Dispersion is an important characteristic of an optical fiber, it determines the bandwidth and channel carrying capacity of the fiber. here are three kinds of dispersion viz: inter-modal dispersion, material dispersion and waveguide dispersion. Inter-modal dispersion occurs because of the different modes in which the light propagates in the fiber travel different paths. This causes differences in the arrival time of the rays at the receiver and hence a distortion of the signal. Inter-modal dispersion is less in fibers which have a parabolic refractive index parabolic profile in the core region. This change in refractive index causes a change in the light travel time in different parts of the core which partially compensates for the different path lengths. Material and waveguide dispersion are wavelength dependent. Material dispersion arises because of variation in the refractive index of the core material (i.e. silica ) across the transmission band. Waveguide dispersion is due to the propagation constant (i.e. the inverse of the group velocity) dependent property of the medium. The derivative of the propagation constant w.r.t frequency is dependent on the frequency itself, even in the absence of material dispersion.

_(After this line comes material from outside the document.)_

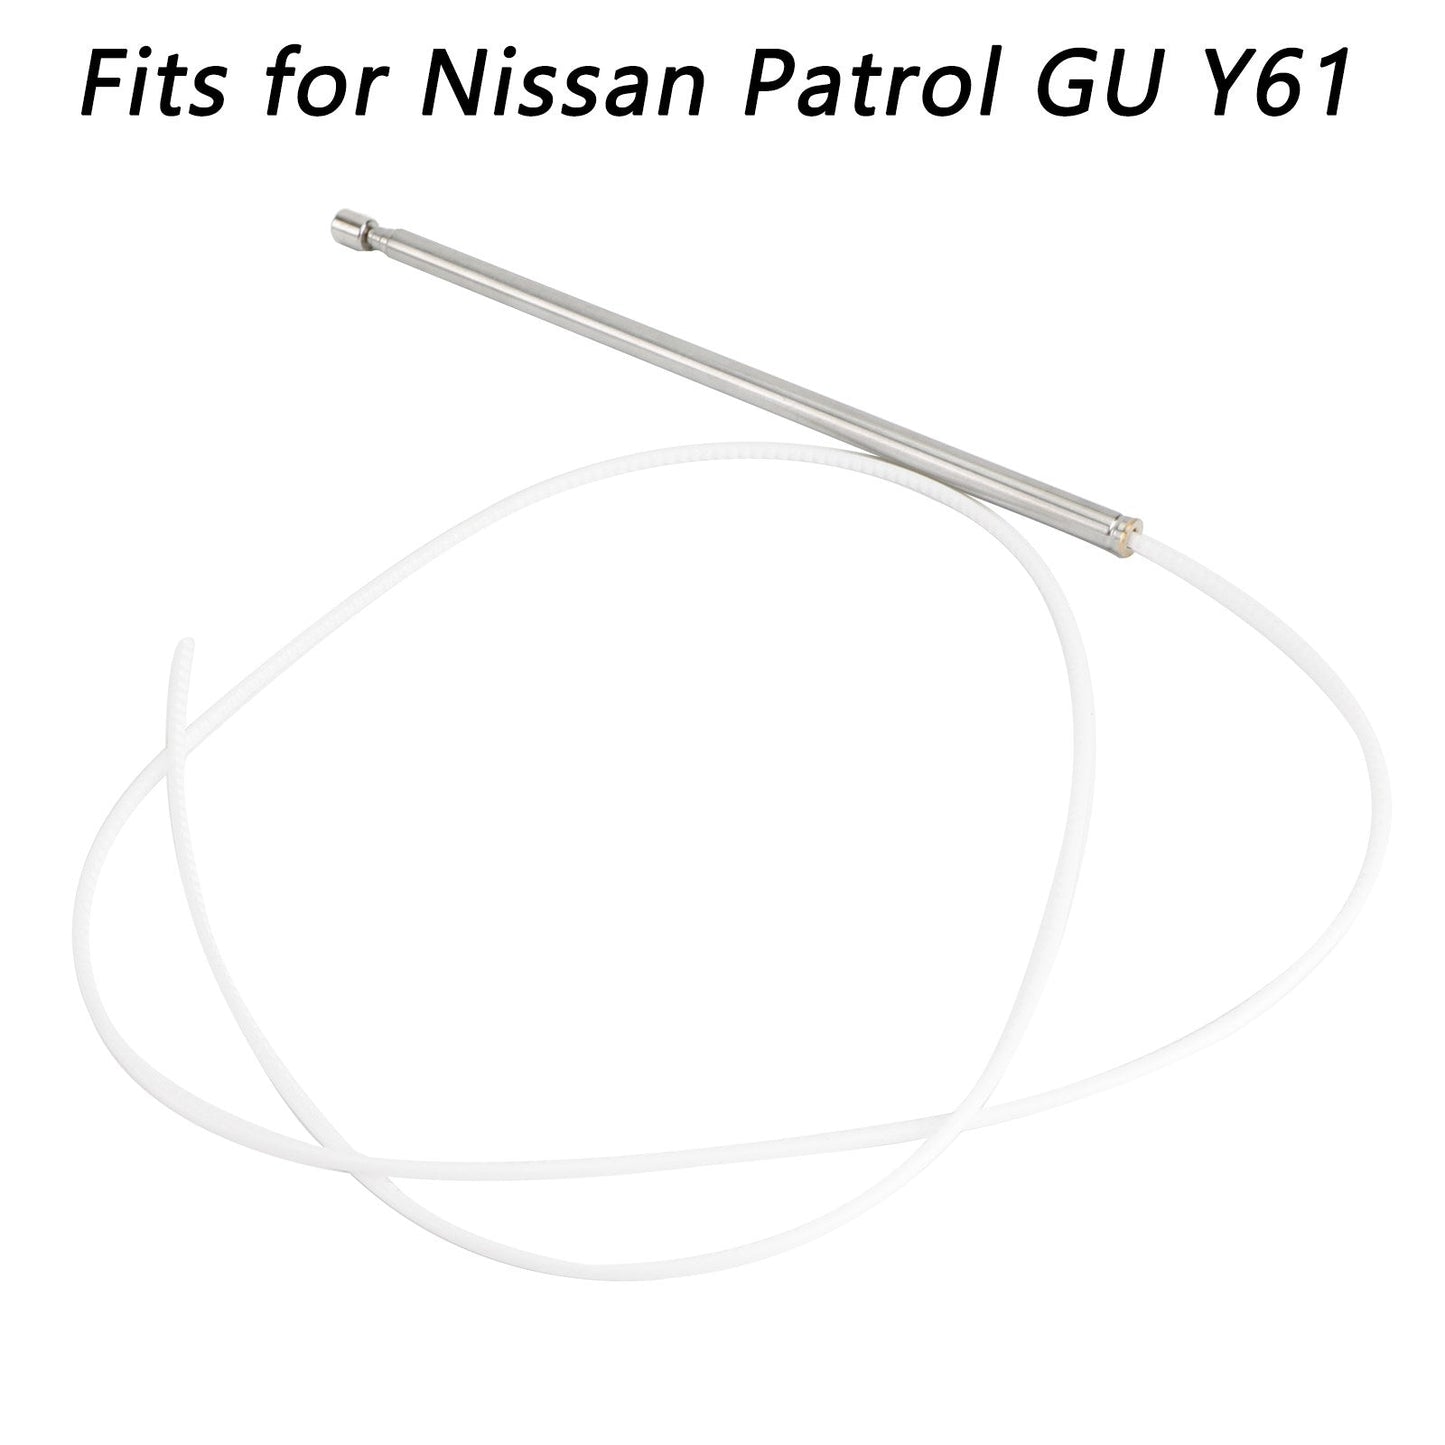 Power Antenna Mast FYE014012 Fits For Nissan Patrol GU Y61

Dispersion affects both the temporal and spectral characteristics of the signals and it is essential to minimize it as far as possible. This can be done by

1. Choosing the 1300 nm window where dispersion is minimum. It may be noted that dispersion for silica fiber is minimum in the 1300 nm band( typically 2 ps/km-nm) compared to that at the 1550 nm band (15 ps/km-nm). However the attenuation is higher in the 1300 nm band (0.31dB/km) than that in the 1550 nm band (0.15 dB/km).

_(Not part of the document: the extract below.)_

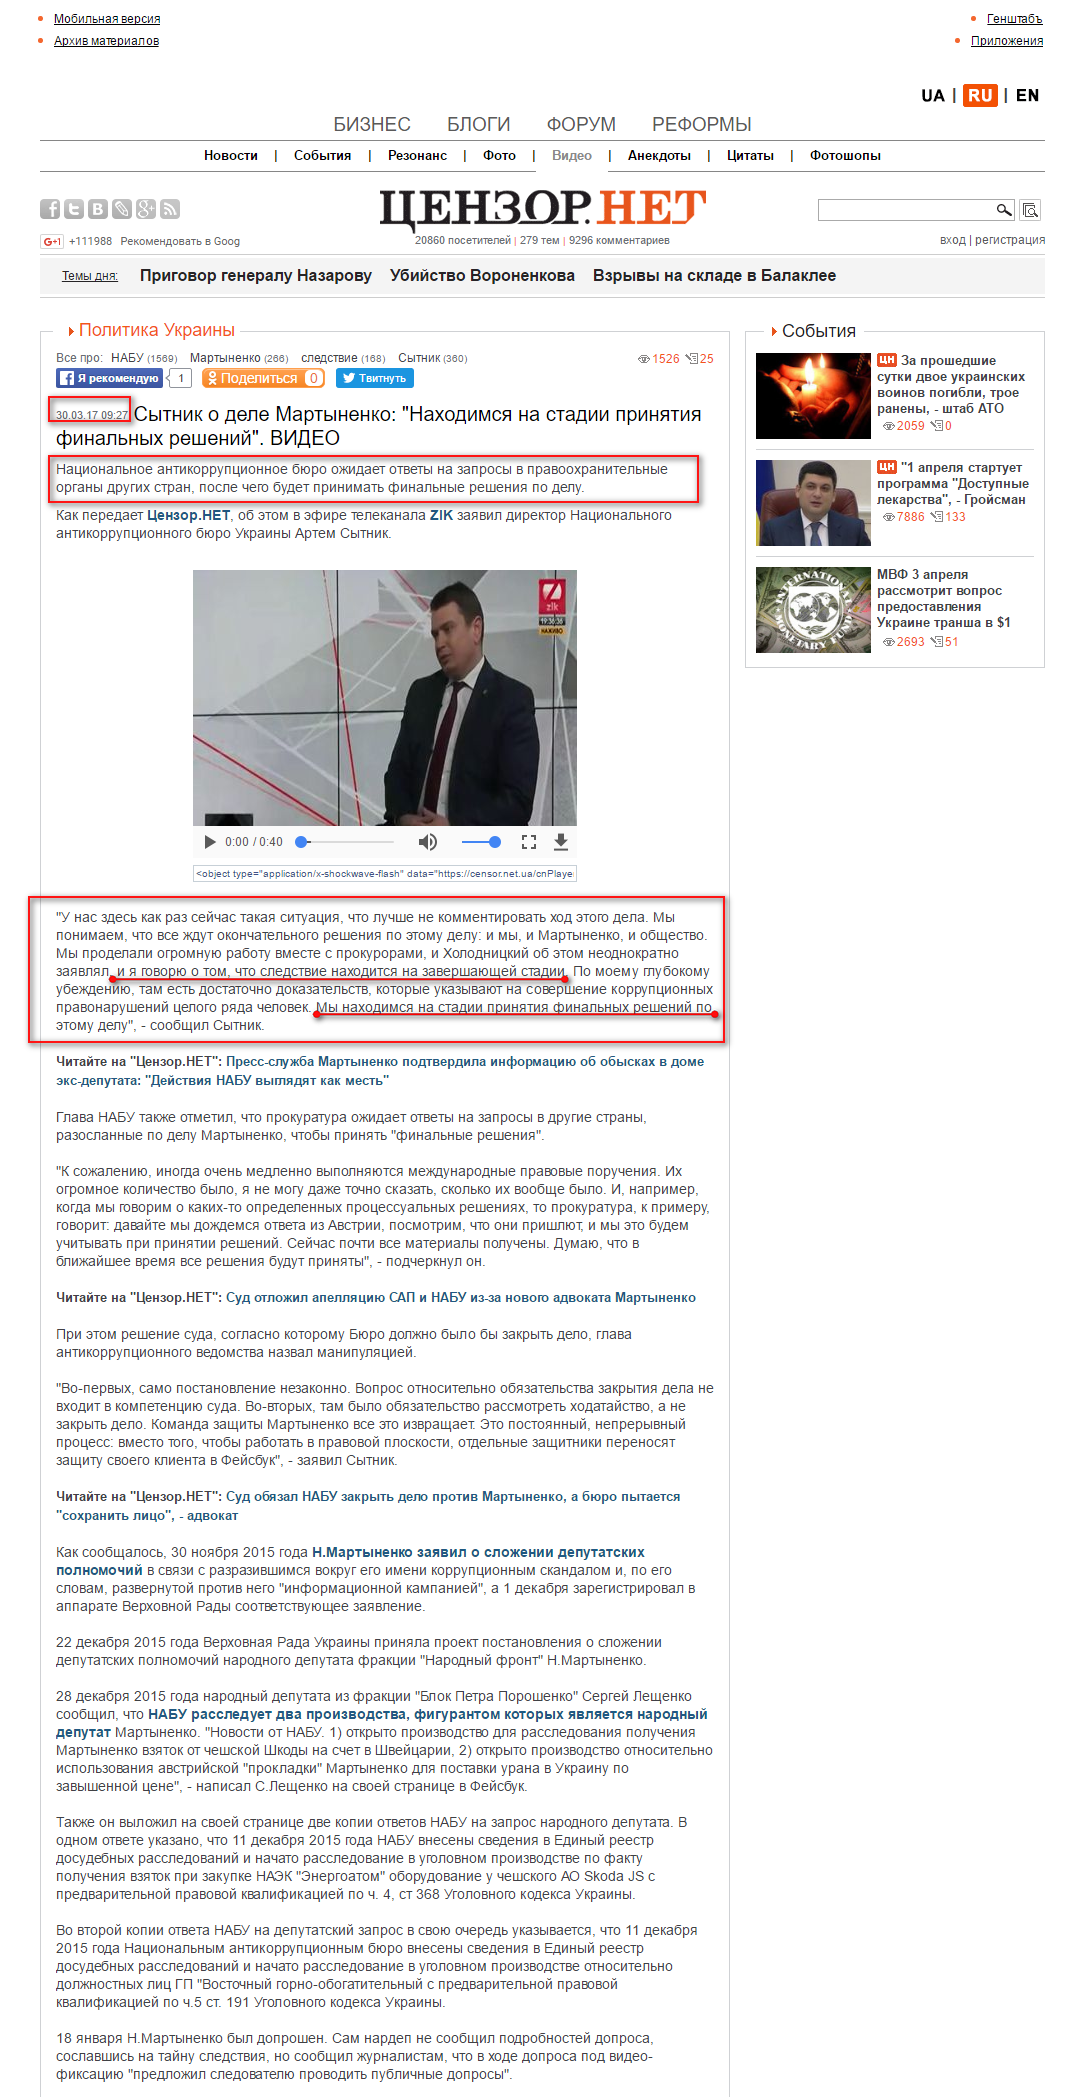 http://censor.net.ua/video_news/434125/sytnik_o_dele_martynenko_nahodimsya_na_stadii_prinyatiya_finalnyh_resheniyi_video

2. Choosing a laser with line-width as small as possible($<1$ nm), like a single longitudinal mode type or DFB laser.
3. Using external modulation. Unlike direct modulation, external modulation does not affect the physical mechanism of the laser and does not introduce spreading of frequency or chirping.
4. Using dispersion compensation. This is essential achieved by proper design of the refractive index gradient across the fiber.